"Natuurbeheer is zo veelomvattend dat we elkaar hard nodig hebben om de effectiviteit ervan te vergroten."
Tot de Eerste Wereldoorlog zijn reeën behandeld als eigendom. Het is de tijd van de industriële revolutie en in de grote stad is, mede door Eli Heimans en gevolgd door Jaq Jac. P. Thijsse, het inzicht en de behoefte ontstaan om de natuur beter te beschermen. De behoefte aan natuur is groot geweest.
Het is duidelijk geworden dat de tegenstellingen in het omgaan met natuur schade hebben toegebracht aan de natuur. De natuur is klem komen te zitten tussen mensen met verschillende belangen. Onder die omstandigheden heeft H. Michel in 1939 de brochure “Reewild: Een handleiding voor de praktijk” gepubliceerd. Het doel is geweest om anders te gaan jagen, om de in het wild levende dieren te beheren in plaats van te ‘oogsten’. Tegenwoordig noemen we dat duurzaam gebruiken van onze leefomgeving. In 1955 heeft Mr. J.O. Thate een uitgebreide variant geschreven: “Het Reewild: Gezien door het oog van de jager”.
In 1959 heeft deze benadering voor de verenigde grond-, boseigenaren en jachtgerechtigden geleid tot het instellen van een “Commissie tot Bestudering van het Wildvraagstuk”. Deze is gekomen met het rapport: “Het Reeënvraagstuk”. Er is gesteld dat een populatie dieren zoals reeën over een veel groter gebied dient te worden beheerd dan tot dat moment gebruikelijk is geweest.
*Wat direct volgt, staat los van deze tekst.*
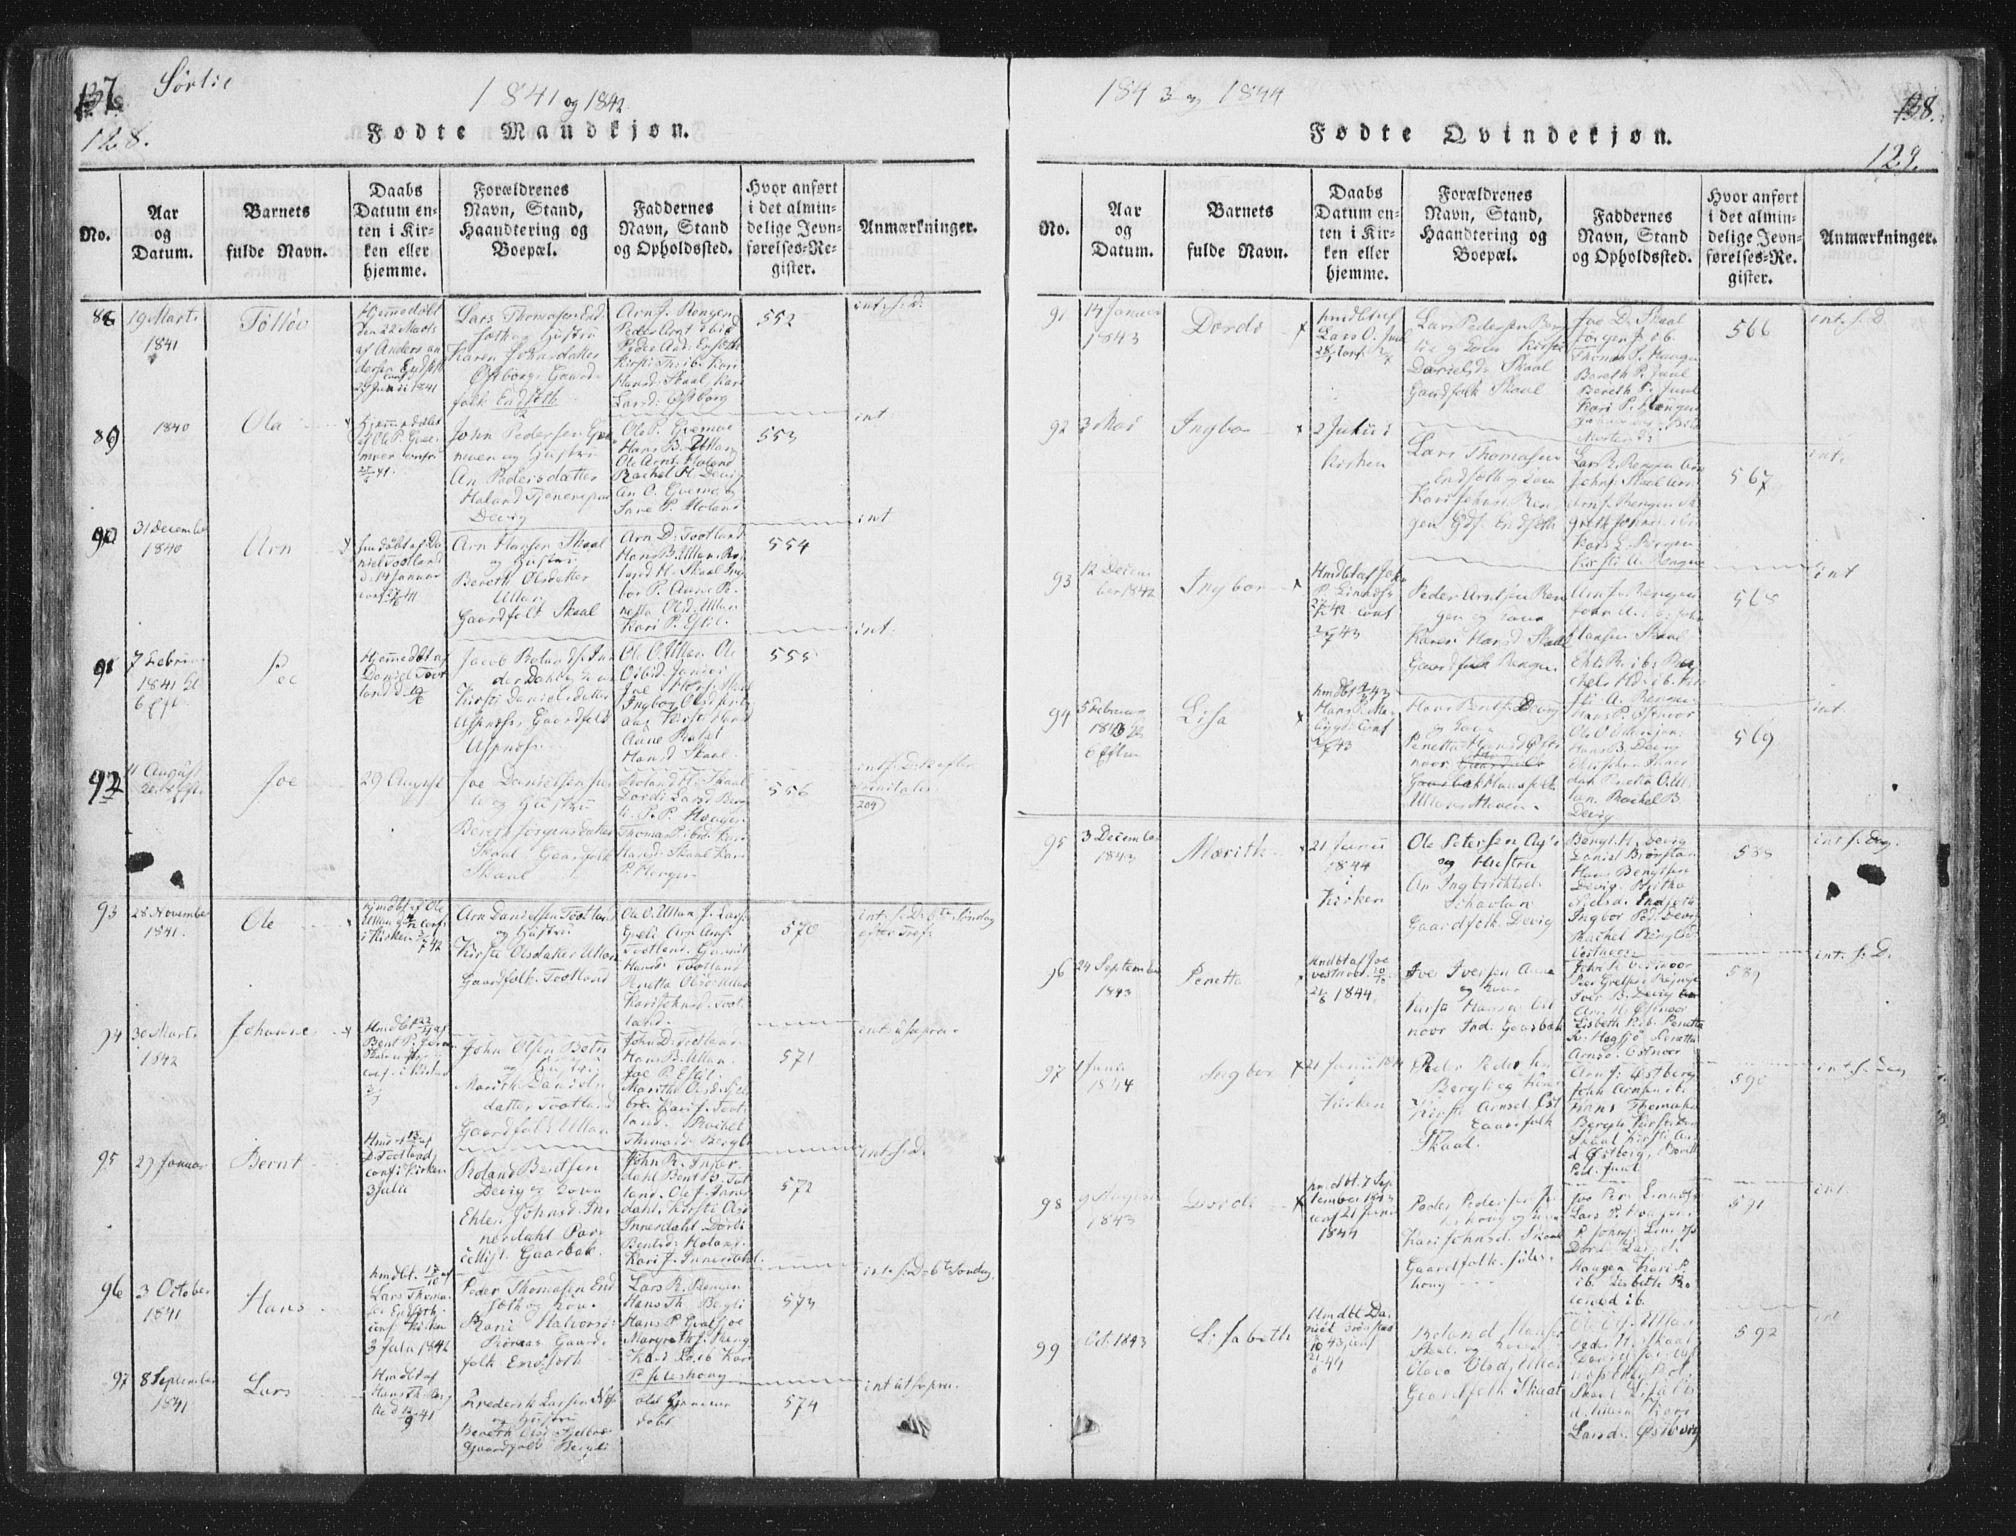 SAT, Ministerialprotokoller, klokkerbøker og fødselsregistre - Nord-Trøndelag, 755/L0491: Ministerialbok nr. 755A01 /2, 1817-1864, s. 128-129

Dit heeft als resultaat gehad dat de jachtgerechtigden die het rapport hebben onderschreven rond 1965 zijn begonnen met het binnen een bepaald gebied tellen van reeën en daarop afstemmen van de beheermaatregelen. Dit heeft de basis gevormd voor het beheren van de populatie reeën. Zo’n bepaald gebied is reewildring genoemd. De term is afgeleid van het in Duitsland gebruikte hegering, wat beheergebied betekent.
Van de jachtrechthouders in de reewildringen is veel medewerking geweest. In Noord-Limburg is er zelfs samenwerking met de Duitse beheerders tot stand gekomen. Er is daar een beheergebied van ongeveer 15.000 hectare ontstaan.
Het is al vroeg bekend geworden dat het niet mogelijk is om het juiste aantal reeën te inventariseren. En dat als je consequent, jaar in jaar uit, op dezelfde wijze telt, je een indruk kan krijgen van de totale stand. Een bijkomend gevolg is geweest dat de jagers en andere natuurbeheerders elkaar hebben aangevuld. Er zijn meer onderwerpen geweest die hen hebben gebonden dan die hen hebben gescheiden. Die verbinding is een waardevolle bijdrage geweest in het verbinden van de leefgebieden, de populatie reeën en tegen de stroperij. Het gevolg is geweest dat de populatie zich meer en meer heeft verspreid over Nederland, tegen de groei van de mens in.
Veel later, rond 1990, zijn de samenwerkingsverbanden in de Wet opgenomen als wildbeheereenheden en verbonden in een Faunabeheereenheid (FBE).
De deelnemers hebben hun kennis en ervaring gebundeld in beheerplannen. Die beheerplannen zijn verwerkt tot enkele jaren geldige faunabeheerplannen. De basis voor het faunabeheer in het betreffende gebied. Onderdeel van dat faunabeheerplan is het reeënbeheerplan. Daarin staat hoe met de reeënpopulatie in het gebied wordt omgegaan. Mede door deze aanpak is herkend dat faunabeheer op landelijk niveau niet past bij lokale leefomstandigheden. Zo zijn wildbeheereenheden ontstaan die tot op provinciaal niveau samenwerken in een faunabeheereenheid. De uitvoering van de Wet vindt, anno 2024, plaats door de provincies.
De overheid ziet dus niet de individuele beheerder, maar de verenigde beheerders als volwaardige partner. Het werkgebied van een WBE bestaat uit een aaneengesloten gebied met een oppervlakte van tenminste 5.000 hectare. De vergunningen, nodig bij de bestrijding van schade, zijn aan een wildbeheereenheid verstrekt die deze dan doorschrijft aan een lokale beheerder, bijvoorbeeld voor afschot van reeën.
Iedere vergunninghouder heeft zo zijn eigen verantwoordelijkheid. Maar samen met anderen voert deze het reeënbeheer uit op basis van een gezamenlijk opgesteld reeënbeheerplan. Dat reeënbeheer is gericht op het handhaven van de afgesproken reeëndichtheid, waarbij gelet moet worden op de belangen van direct betrokkenen zoals de wegbeheerders, de landbouw en het natuurbeheer.